East Anglian Daily Times: Hannah Howie as Prudencia in The Strange Undoing of Prudencia Hart by David Greig, Eastern Angles spring tour. Picture: MIKE KWASNIAKHannah Howie as Prudencia in The Strange Undoing of Prudencia Hart by David Greig, Eastern Angles spring tour. Picture: MIKE KWASNIAK (Image: © Mike Kwasniak Photography 2017)

Eastern Angles have revived a play originally commissioned in 2011 by the National Theatre of Scotland which examines the nature of folk tales in the Scottish borders. Prudencia Hart, played with bright-eyed wonder by Hannah Howie, is a collector of traditional border ballads. She may love the romance and the battles between good and evil they depict but she is essentially a collector who seeks to catalogue and record the works rather than ‘live them’.
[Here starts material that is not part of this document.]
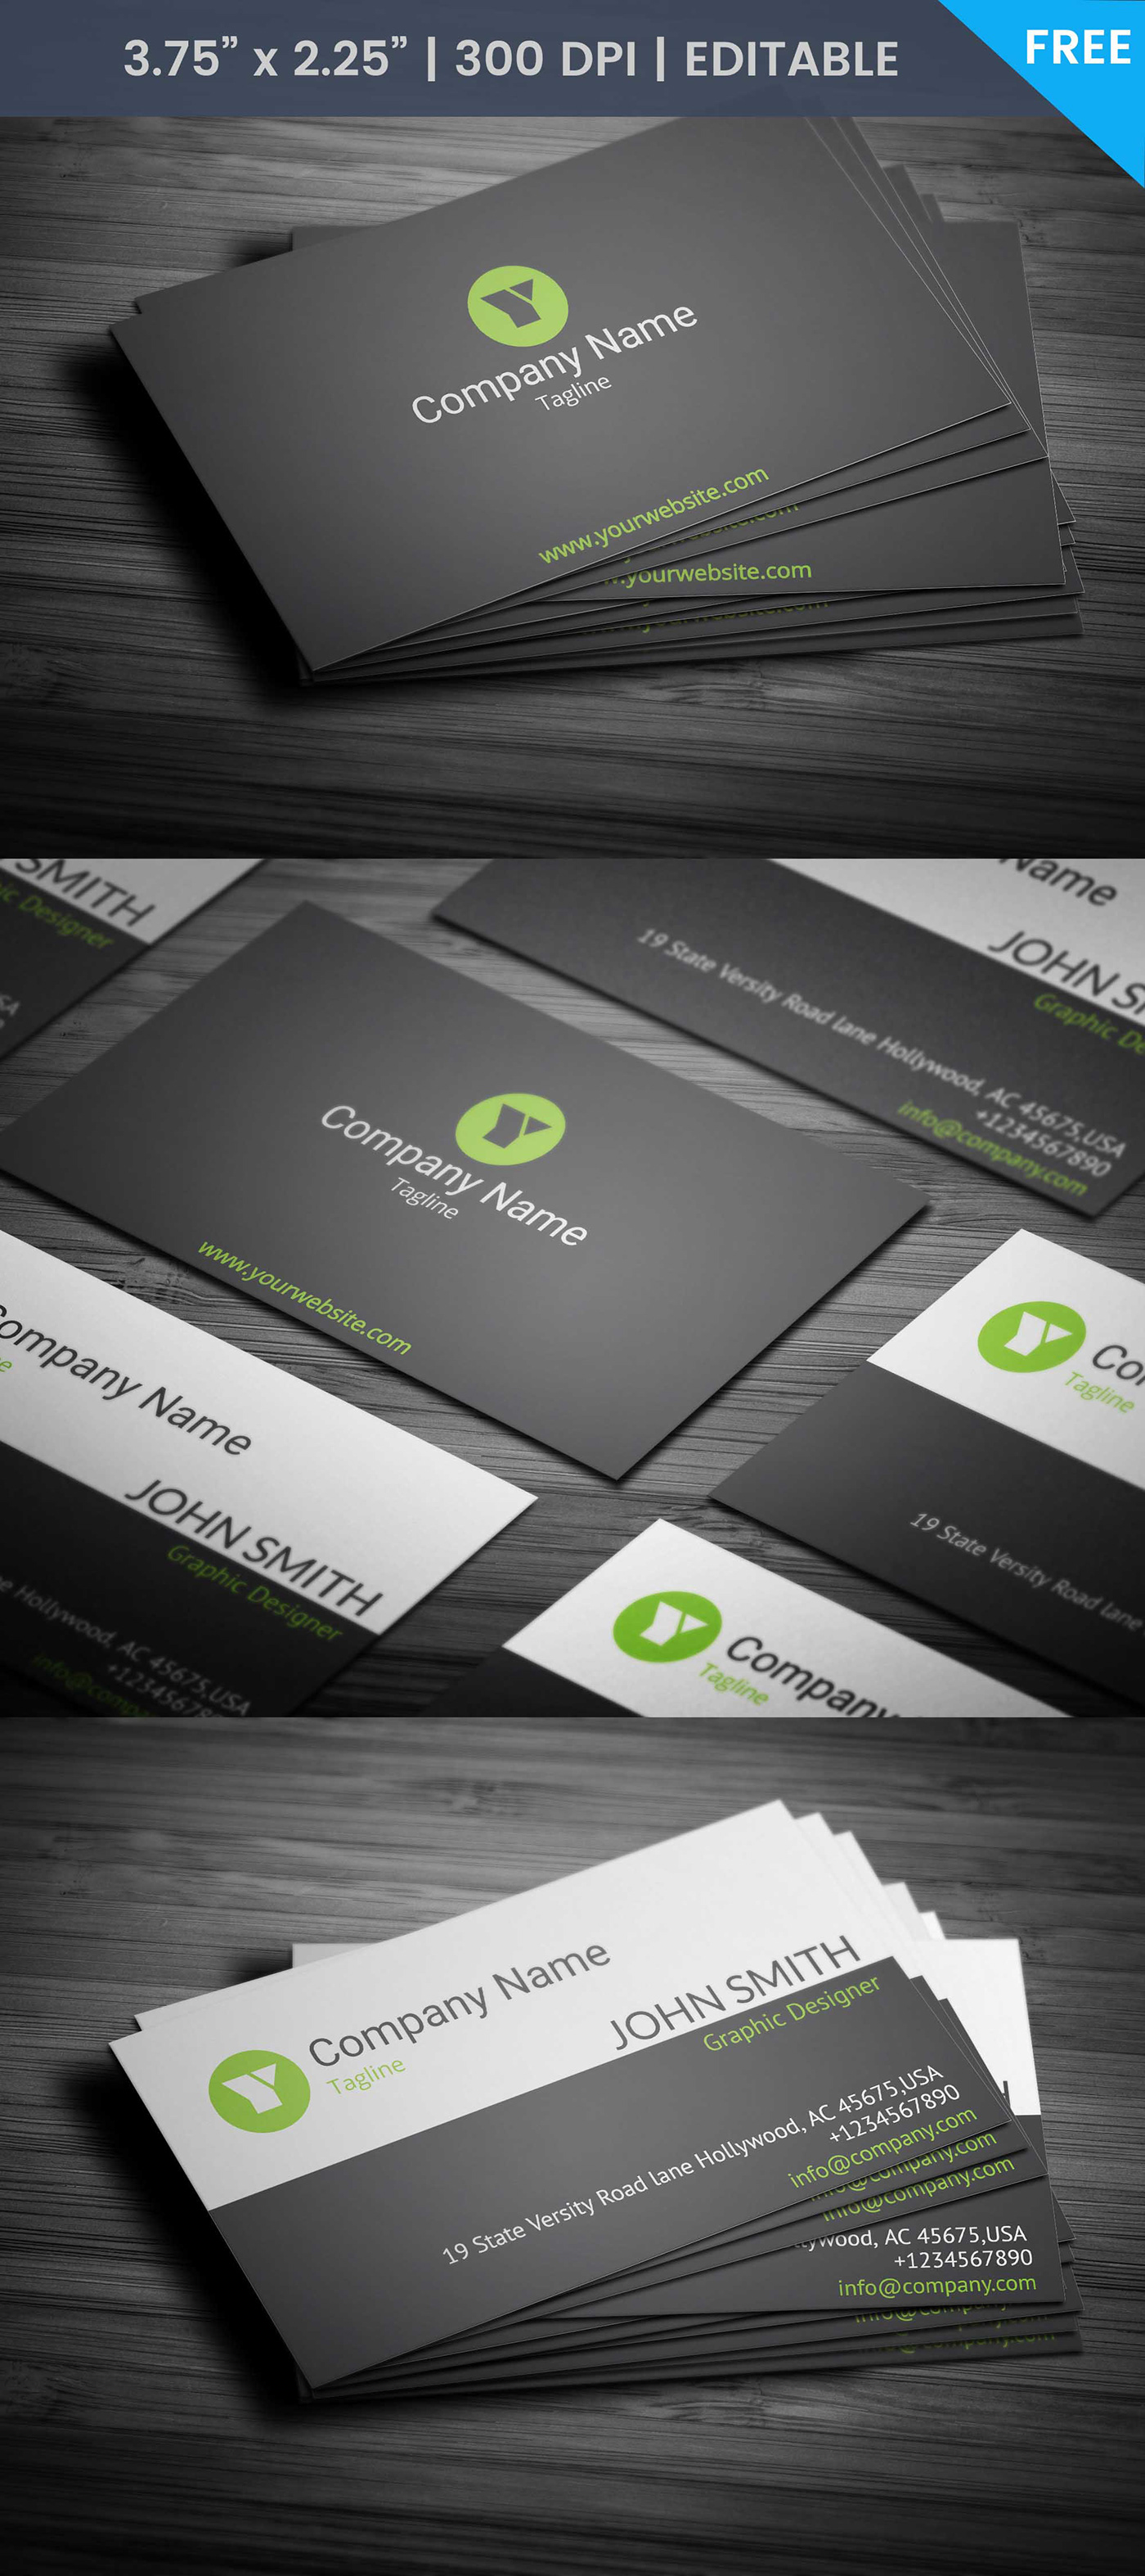 interior design  interior designer interior designer business Business card design

As her arch-rival Dr Colin Syme, played with gleeful narcissism by Robin Hemmings, points out she is little more than a glorified librarian – that is until she escapes a rather alarming lock-in at a snow-bound pub and meets the charming owner of a local B&B, who it turns out is something of a collector of folk tales too and invites her to have a wander through his rather impressive library. At this point her experience of border ballads becomes more than academic.

Under the direction of Hal Chambers, this production is a cross between a genuinely upbeat folk gig with lots of great playing and a rather unnerving tale of the supernatural with a generous helping of academic satire thrown in for good measure.

The elements combine extremely well to create an evening like no other. All the actors – Simon Donaldson, Elspeth Turner along with Howie and Hemmings – all deliver brilliantly energetic and thoughtful performances and make up a decent folk band. In addition to the play proper they are on stage warming up, playing and greeting the audience before the show and are back out in the hall before the interval is half over.

Simon Donaldson relishes his role as an increasingly conflicted devil while Elspeth Turner turns her hand to a variety of roles from garrulous pub landlady to uptight academic and acts as an unofficial narrator.

The staging of the play, with the audience sat at tables in front of Bex Palmer’s lovingly detailed pub set, gives the whole evening an immersive quality that works well. Hal Chambers often uses the tables as part of the action making the audience feel very involved.

Playwright David Greig cleverly inverts reality by ensuring that all the dialogue spoken in the real world is delivered in rhyme while the scenes set in hell are spoken as prose.

The Strange Undoing of Prudencia Hart delivers a satisfyingly unusual evening of theatre, which is both entertaining and packed full of inventive ideas. Terrific stuff.